Un jeune couple d'agriculteurs bio dénonce le nombre croissant de contrôles par la Région wallonne. Ils en ont eu 6 en 5 mois. A chaque fois, c'est une journée ou une demi-journée de perdue. Ils ont le sentiment d'être poussés à bout.

Aujourd’hui, Thomas devait s’occuper toute la matinée de sa centaine de bêtes. Avec son épouse, ils sont producteurs laitiers bio à Ondenval, près de Waimes. Mais à 9 heures, la Région wallonne est venue les contrôler... Ou plutôt à nouveau les contrôler. "On s’est mis bio pour se diversifier, on trait des chèvres en plus, ma femme transforme. On a vraiment la ferme-type pour s’en sortir. On nous harcèle tout le temps. Mais qu’est-ce qu’ils veulent à la fin ?", se plaint Thomas. 


"On passe une journée sur 7 à ne faire que des papiers"

Contrôle des champs, de la culture et du bétail, la région vérifie si le couple gère convenablement les subsides wallons. Pourtant, ils n'ont pas encore perçu de primes. "On est contrôlés trois fois pour la même matière", déplore Astrid, l'épouse de Thomas. Elle a repris la ferme il y a deux ans et a investi plus de 100.000 euros. "On passe une journée sur 7 à ne faire que des papiers, alors qu’il faut qu’on soit quand même dans les champs, avec les bêtes. On a d’autres travaux à faire que ça. On parle de simplification administrative, mais on n’est pas du tout dedans pour le moment", poursuit Astrid.

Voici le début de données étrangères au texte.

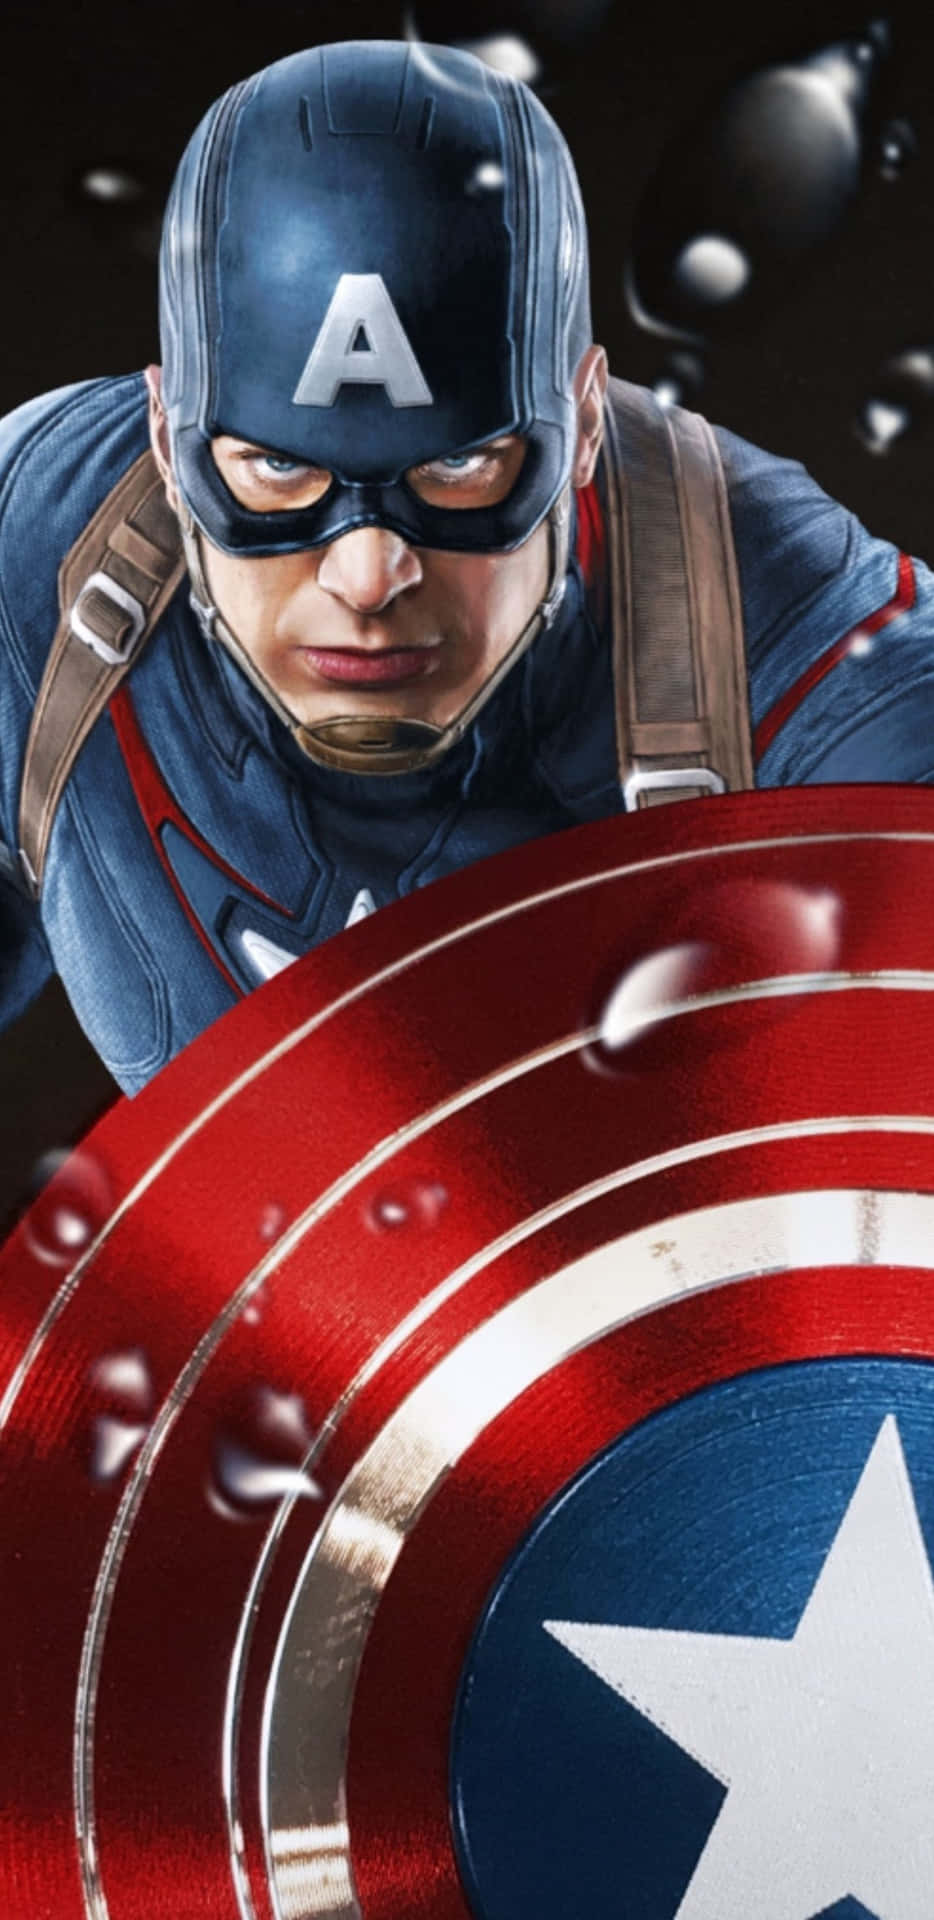 Pixel3xl Hintergrundbild Captain America Avengers Age Of Ultron

"On croit toujours qu’on est fautifs"

L’Afsca effectue aussi tous les trois mois des contrôles de qualité. Au total, c’est une quinzaine de visites par an et autant de journées perdues pour les jeunes producteurs, qui sont de plus en plus démotivés. C'est notamment le cas de Jérôme, lui aussi agriculteur. "On a déjà notre travail, plus l’administratif. Il faut une demi-journée à chaque contrôle, ça devient un peu beaucoup. Pendant ce temps-là on ne sait pas travailler, donc on doit s’arrêter pour eux". "On croit toujours qu’on est fautifs", ajoute Thomas. "On voit une camionnette blanche qui descend le village, on pense que c’est le contrôle. Des contrôles, il doit y en avoir, c’est normal, mais quand on vient cinq fois et qu’on remarque que c’est en ordre, c’est de l’abus".

Il faut d'ailleurs noter qu'en 30 ans, 63 % des agriculteurs belges ont disparu.